What does it mean to have a job vs. a career vs. a profession? Well, Senor (it's Cinco de Mayo) Dictionary says a job is, "a piece of work, esp. a specific task done as part of the routine of one's occupation or for an agreed price". Well, that sounds mundane. El Senor Dictionary says a career is, "an occupation or profession, esp. one requiring special training, followed as one's lifework". That sounds a bit better, I suppose. A profession is, "a vocation requiring knowledge of some department of learning or science". Uhhh, I am not really excited about that definition.
I believe that whether you have a job or career or profession is actually more of a feeling that cannot be defined by El Senor Dictionary. I have had jobs, many jobs, and I have walked out of jobs.
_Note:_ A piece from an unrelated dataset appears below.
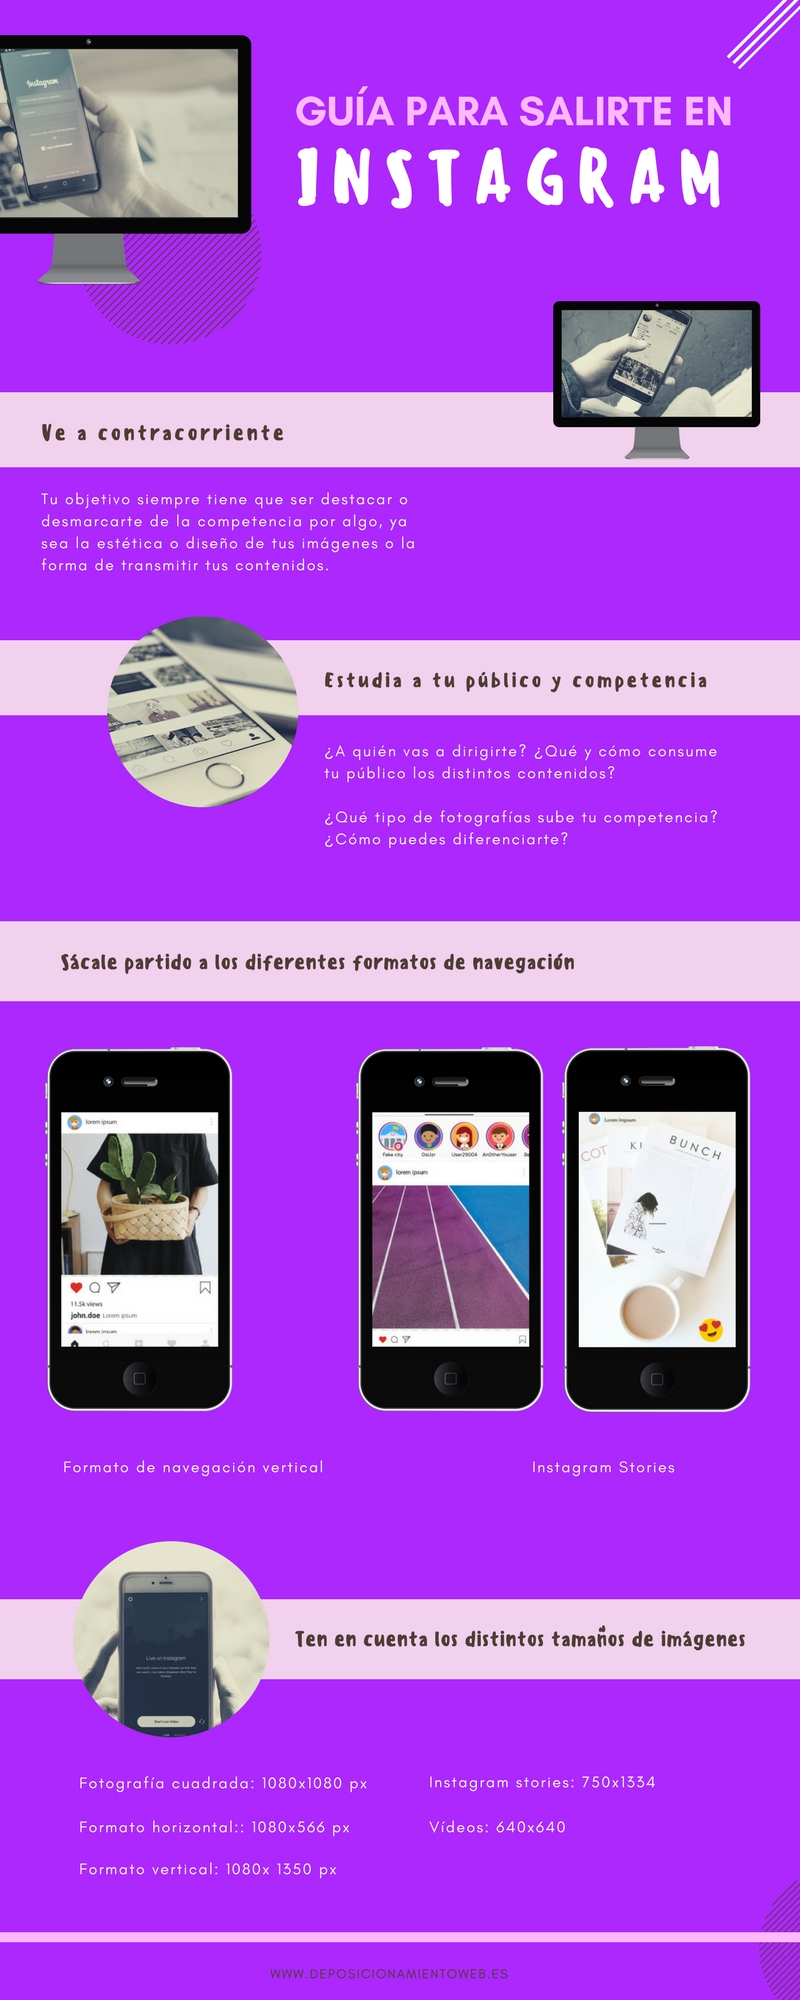 Infografía para saber cómo triunfar en Instagram
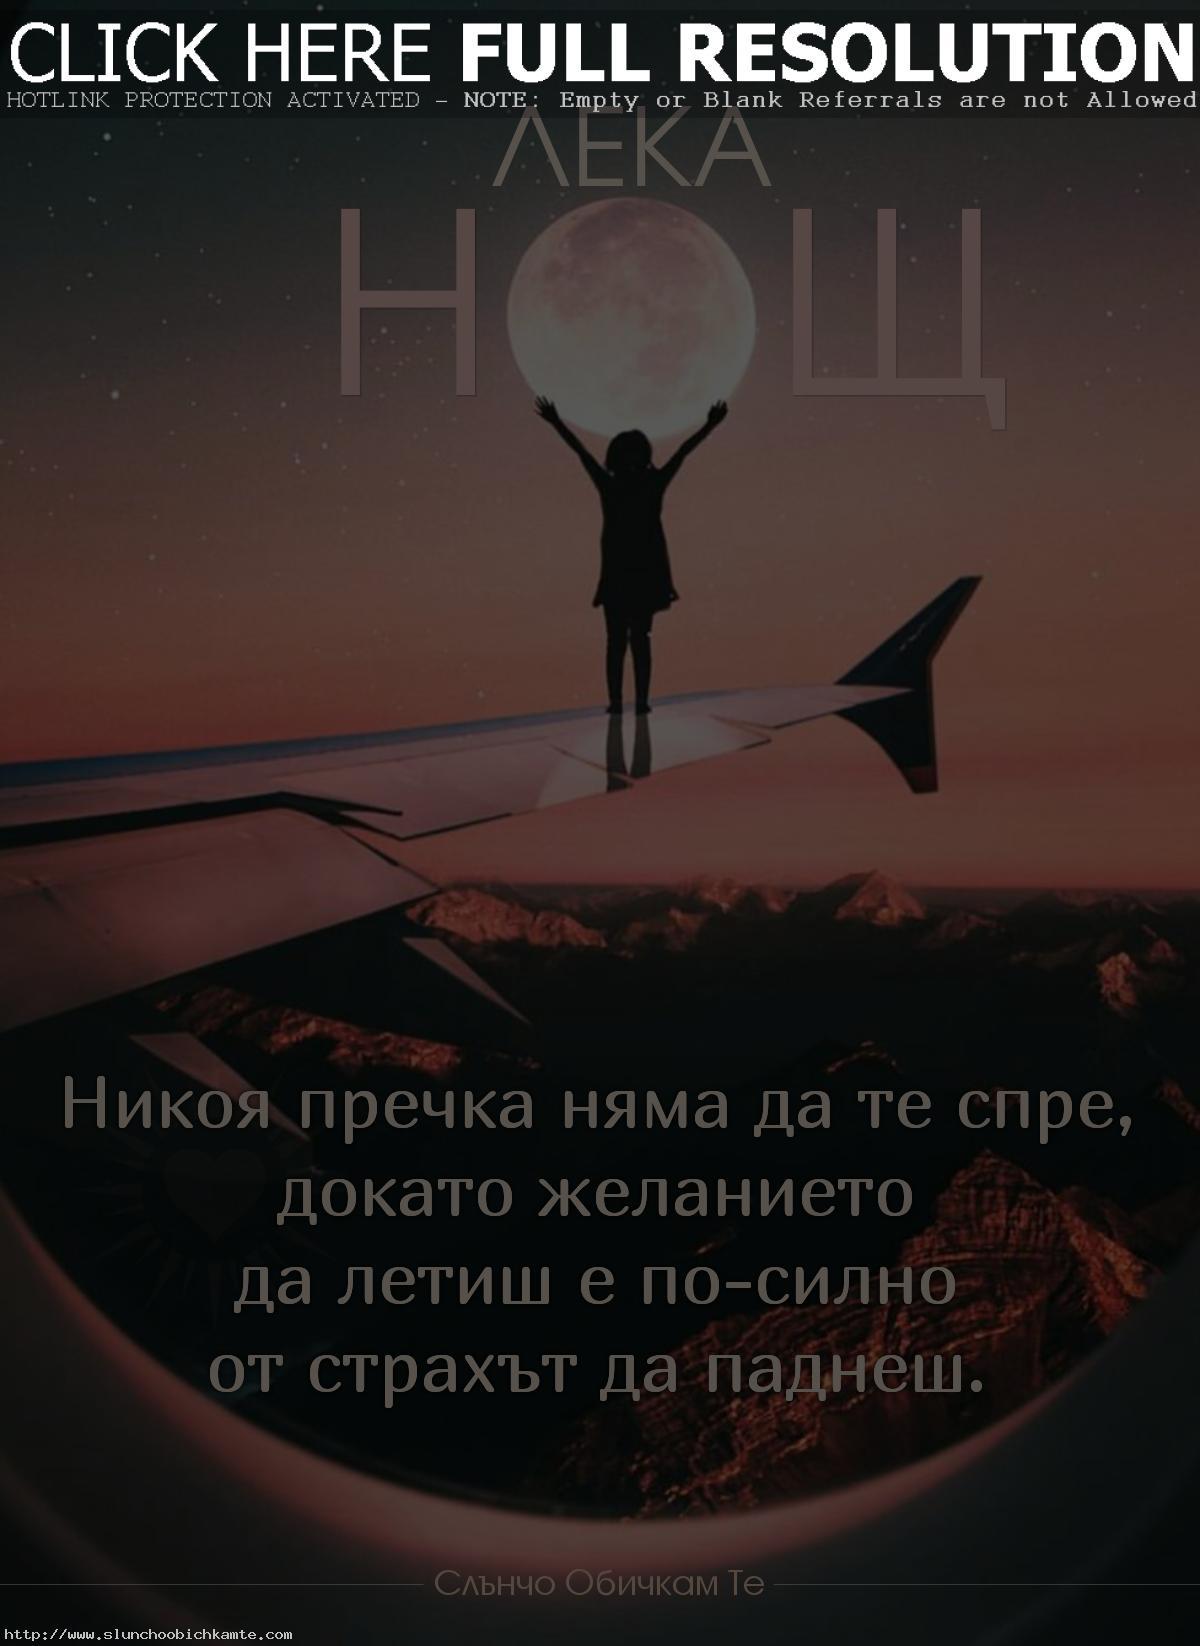 Лека нощ! Никоя пречка няма да те спре, докато желанието да летиш е по-силно от страха да паднеш. - Пожелания за лека нощ, любов от разстояние, позитивни мисли, мъдри мисли, любовни мисли, любовни статуси, любовни фрази, любовни цитати

I have loathed, to the point of nausea, a few jobs. I have had nightmares and daymares over the simple task of getting into my car and driving to a job. It has been jobs that have left me with the acidic taste of being belittled. Jobs have cultivated my ability to dig my heels in and envision sharp horns emerging from my frontal bone. Instantly, I metamorphose into an unyielding force. Unless, of course I chose to just walk out instead!
I no longer have a job. And not because the dictionary suggests this to be true. I know, because I feel that I no longer have a job. There is no option to walk out. I don't loathe the idea of getting up in the morning. I appreciate that I am responsible for myself, I feel like an adult. I certainly enjoy a short 6-8 hour day, but I am not devastated if my day evolves into a 12 hour or longer day. Finally, I feel a sense of responsibility that is bigger than myself. Despite my nearly nightly dreams about work, and of the innumerable things I could have done wrong, I welcome the feeling that my work is no longer just a job. It is OK that I can never fully leave my work at work and that is how I know that my work is so much more to me than a job.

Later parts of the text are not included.